И была у них Машенька - тихая и скромная работящая девушка. И вот когда весной 1923 года Анна Федоровна похвасталась, что её сынок Максим решил жениться, к ней подошел новый глава села, Федор Лукьянович, да завел разговор:
- Ты, Анна, слышала, что у Котовых девчонка есть на выданье? - спросил он, сидя за столом и попивая квас из глиняного кувшина.
- Это те Котовы, что в Тархани живут?
- Так и есть.
Анна Федоровна тяжело вздохнула и посмотрела на Лукьяновича.
- Так не рановато ли ей на выданье? Небось, еще и семнадцати нет, молоденькая совсем.
- Помнится, когда я на своей Дарьюшке женился, так она еще моложе была. Не о том я, Анна Федоровна... Ты бы присмотрелась к невесте. Девчонку знаю хорошо, работящая, покладистая, тихая. О такой невестке только мечтать. Да вот приданого у неё нет. Совсем нет.
- Откуда же там приданое, коли каждый рот лишний? - вздохнула женщина. - Только молода больно.
- Так ведь и хорошо! - обрадовался Федор Лукьянович. - Вырастишь её, воспитаешь так, как тебе надо. Давай мы с тамошним старостой сговоримся, да работу какую совместную заведем, так и сведем Максима твоего и Марьюшку.
- Подумать бы мне надобно, Федор Лукьянович, - женщина в сомнении покачала головой.
- Думай, думай. А еще вспомни, что соседка ваша, Ленка, на Максима твоего глаз положила. Мечта, а не невеста, - с сарказмом оскалил он зубы, а Анна Лукьяновна шутливо замахнулась на него полотенцем.
Да уж, разбитную молодую вдову она ни за что в невестки не хотела.
Вышло так, как и планировал Федор Лукьянович. Вместе с начальством из соседнего села затеяли они вырубку молодых деревьев вдоль реки, так как слушок пошел, что мост новый скоро станут строить. И всячески подсобили "сводники", чтобы Мария и Максим как можно чаще наедине бывали. То за водой их на телеге пошлют, то дрова вместе они отвозили к старому дяде Фоме, то внезапно Федор Лукьянович сомневался - закрыл он сельский совет, али нет, и просил молодежь сбегать да посмотреть. Вот так и сблизились молодые. Мария краснела, смущалась. Робок был и Максим.
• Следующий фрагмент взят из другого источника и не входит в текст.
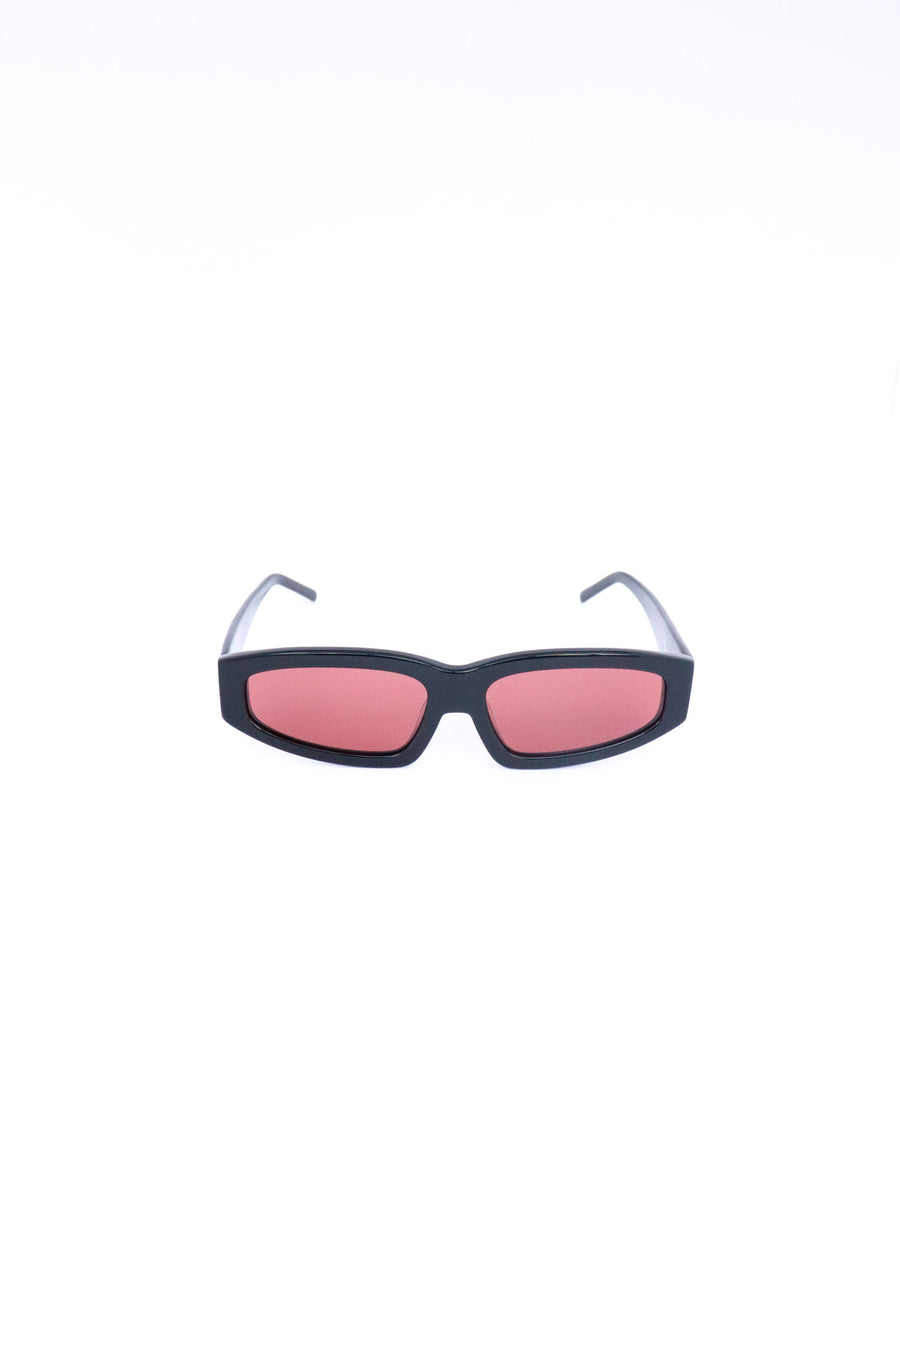 Avoir Eyewear - Cela in Midnight Black with Red lens - Sunglasses

Но как работа закончилась, так и попросил он мать сватов заслать в дом Котовых.
Сговор состоялся через месяц, а там уж и скромная свадьба, наряд для которой Мария сшила себе из старого материнского сарафана, да Анна Федоровна дала ей белый платок, вышитый цветами.
****
На следующее утро Мария встала до зари. Разожгла печь, поставила кашу, накормила птицу. Анна Фёдоровна наблюдала за невесткой тихо и незаметно. А когда она вышла в горницу и поздоровалась с молодой хозяйкой, та тихо произнесла:
- Доброго утра, Анна Фёдоровна.
- Мама. Называй меня мамой, - мягко и нежно произнесла она. - Мне кажется, так будет правильнее, дочка.
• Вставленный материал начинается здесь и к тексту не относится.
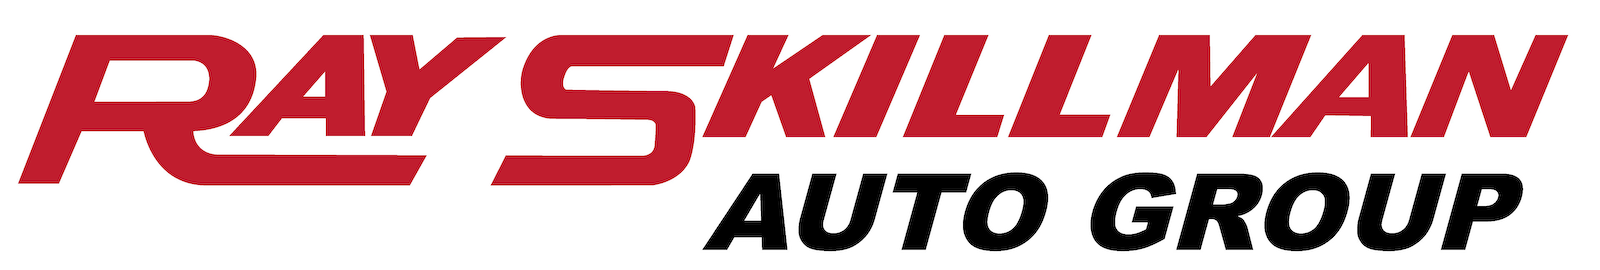 Ray Skillman Auto Group

- Доброе утро, мама, - произнесла Мария и улыбнулась. Она хоть и меньше суток всего здесь, но уже чувствовала себя счастливой в этом доме. За стенкой еще спал муж, который был ласков с ней и нежен, а рядом с ней сейчас стоит свекровь, которая дочкой называет. Зря сестра говорила, что все свекрови с невесток три шкуры спускают - Анна Федоровна совсем другая.
Вечером, вернувшись с работы, Анна Федоровна с улыбкой наблюдала как молодые сажают яблоньку у дома.
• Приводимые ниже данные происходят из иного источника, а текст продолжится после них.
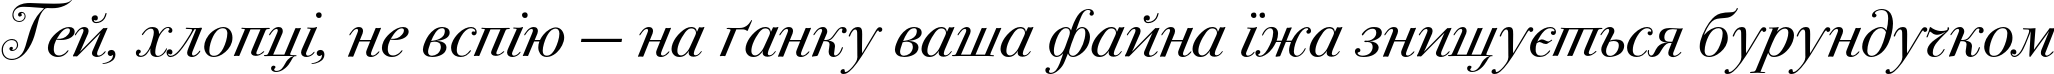 Пример написания шрифтом BodoniSevSwashITC текста на украинском

- Вот, мама, - улыбнулся Максим. - Дом подправил в прошлом году, дерево посадил, осталось и сына родить.
- Думаю, вы с Марьюшкой справитесь, - улыбнулась женщина.
****
Уже очень скоро Анна Федоровна поняла, что старый плут Федор Лукьянович проницательным оказался - из Машеньки и правда славная невестка вышла. Единственное, детишек ждали долго - первый сын у молодых родился в 1927 году, которого Иваном назвали.
А в 1928 году на свет появился и второй сын Коленька.
Мария гордилась тем, что смогла мужу родить долгожданных сыновей, а уж как вокруг неё свекровь порхала!
Ей вообще было очень легко с Анной Федоровной, которая во всем помогала молодым, да Марию то дочкой, то Машенькой называла.
Только недолго идиллия и счастливые дни их радовали, пришлось им и горя хлебнуть.
Именно Анна Федоровна и была большой поддержкой и опорой, когда Коленька умер от менингита в двухлетнем возрасте.
Мария плакала, убивалась по сыну, пока Анна Федоровна, не прикрикнула на неё поправляя черный платок на голове.
- Ты чего удумала? В гроб вогнать себя хочешь? А о старшеньком ты подумала? О том сыне, который живой, и мамкиной любви и ласки хочет. Вот что, Машутка - горе никуда не уйдет, рана в сердце жить будет долго, но ради других, кто живы, надо брать себя в руки.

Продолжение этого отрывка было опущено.